The most common reason for a bone to sustain a fracture is due to a trauma or mechanism of injury such as a slipping on the stairs or twisting mechanism to the foot and ankle. However, there is another type of fracture that can occur with no traumatic event, the stress fracture. A stress fracture that is caused by too much stress being put on a bone. The fracture is a result of repetitive trauma, and it develops gradually over time rather than a one-time incident. It most commonly affects bones of the lower extremity, such as the tibia in the lower leg and the metatarsal bones of the foot, but it can occur in any bone.
There are several factors that can lead to a stress fracture of the lower extremity. Starting a new exercise program, repetitive high-impact exercise, and increasing in training volume or intensity. Other factors can also affect the mechanics of the lower extremity and the healing capacity of the bone. Poor fitting athletic shoes can change the pressures on certain areas of the foot and legs. Poor nutrition and low vitamin D and calcium will affect bone healing.
A patient will present to a foot and ankle specialist with pain and swelling to the affected area. The fracture site that is often aggravated with activity. Initial a person might be able to continue the activity through the pain, but as the fracture worsens, the pain increases, and the person is not able to continue with the activity anymore. Even walking may become difficult and painful at times.

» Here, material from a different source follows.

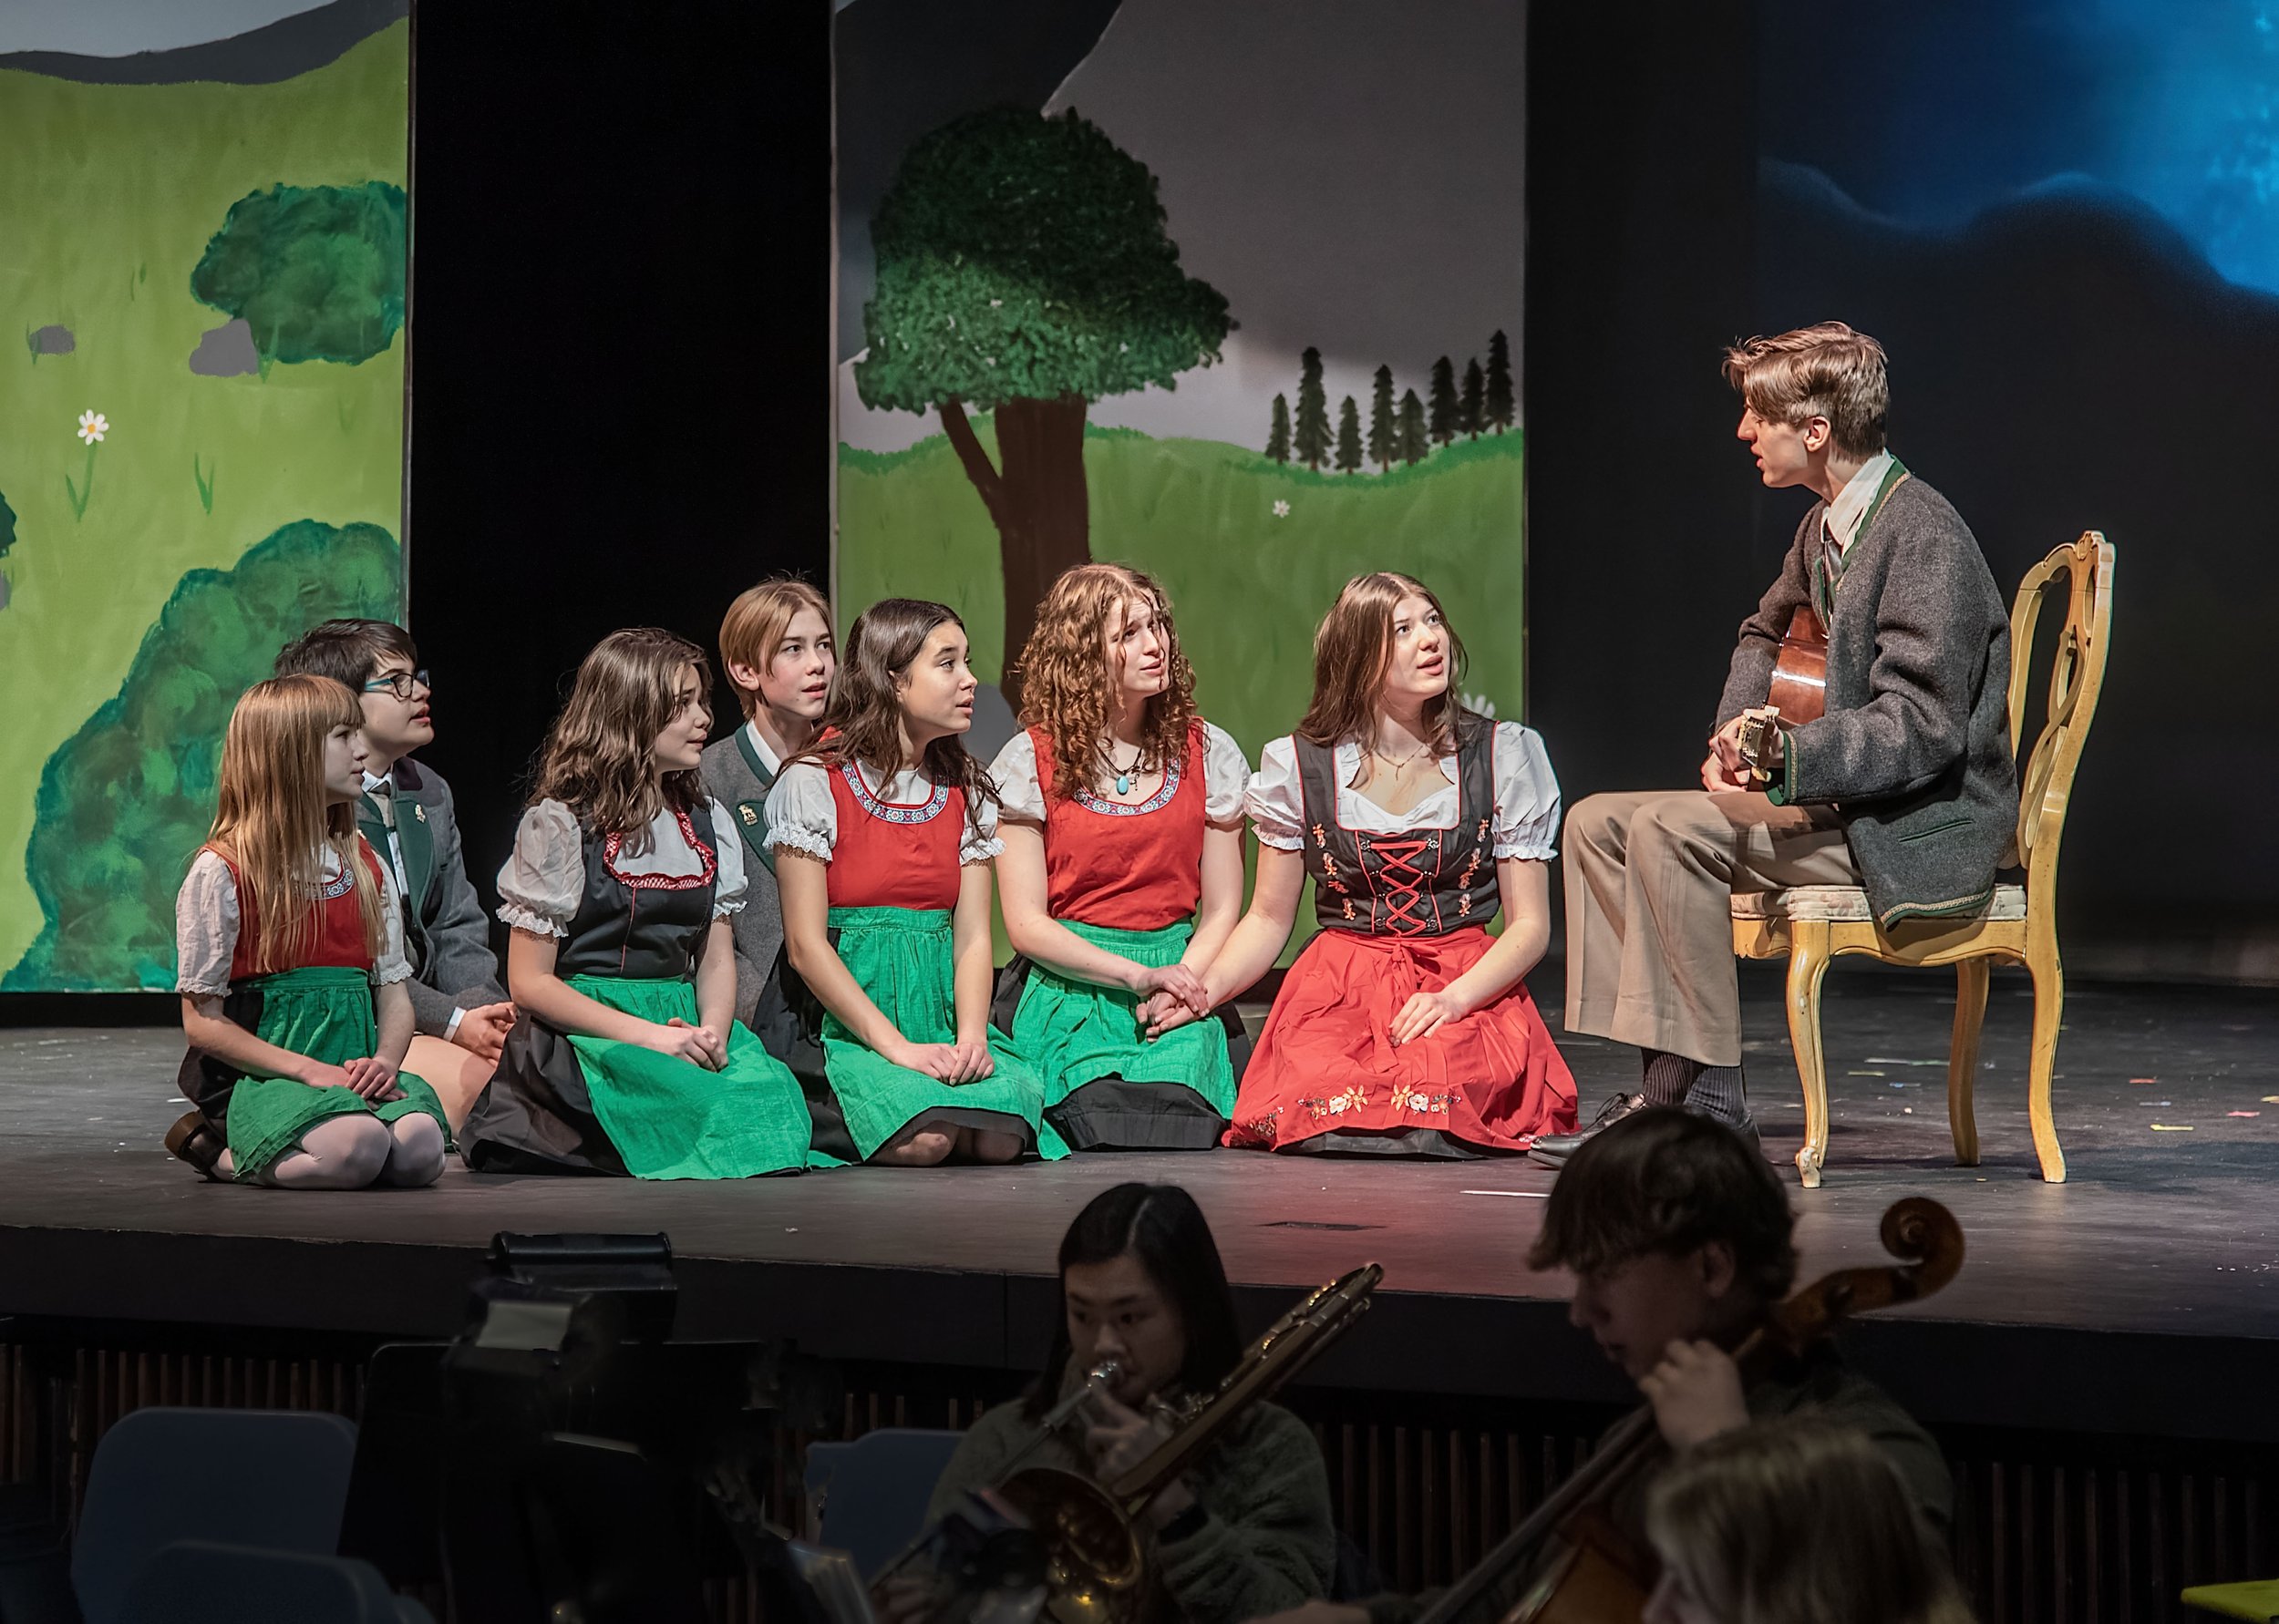   Dress rehearsal on Tuesday evening has the Harwood cast of "The Sound of Music" on stage and musicians accompanying them below. Photo by Gordon Miller

The specialist will ask about if there have been any recent changes in the type, intensity, duration, or frequency of activity in the month prior to the pain starting. X-rays of the area where the pain is will be obtained to look for any evidence of a healing fracture. Sometimes it can be difficult to see a stress fracture on x-rays, especially if the pain only started within the past 2-3 weeks, or if there has not been any period of rest to allow for healing. Since x-rays may be negative at first, the specialist may treat the foot or ankle as stress fracture until proven otherwise. Occasionally a magnetic resonance imaging (MRI), computed tomography (CT) scan, or a bone scan may be ordered to evaluate the painful area further.
If there is a high-suspicion of a stress fracture or if a stress fracture is identified, a period of immobilization with a walking boot may be necessary, with or without crutches, to help the athlete become pain-free. This period, can range anywhere from two to six-weeks, is generally followed by a very slow return to activity directed by a sports medicine physician. Some stress fractures are considered high-risk, and in those cases, surgery may be recommended.
The goal is injury prevention when starting a new exercise regimen or increasing activity. Being cognizant of changes in activity is important. Training schedules can be monitored with a training log and cross-training can be helpful. When trying to increase activities, gradually increased by no more than 10%-15% per week. Optimal training surfaces will help with higher impact activities. A well-balanced diet with proper intake of vitamin D and calcium will help with bone health especially in winter months.
As always, if you are concerned about a possible injury or stress fracture, please see a provider for proper diagnosis and management.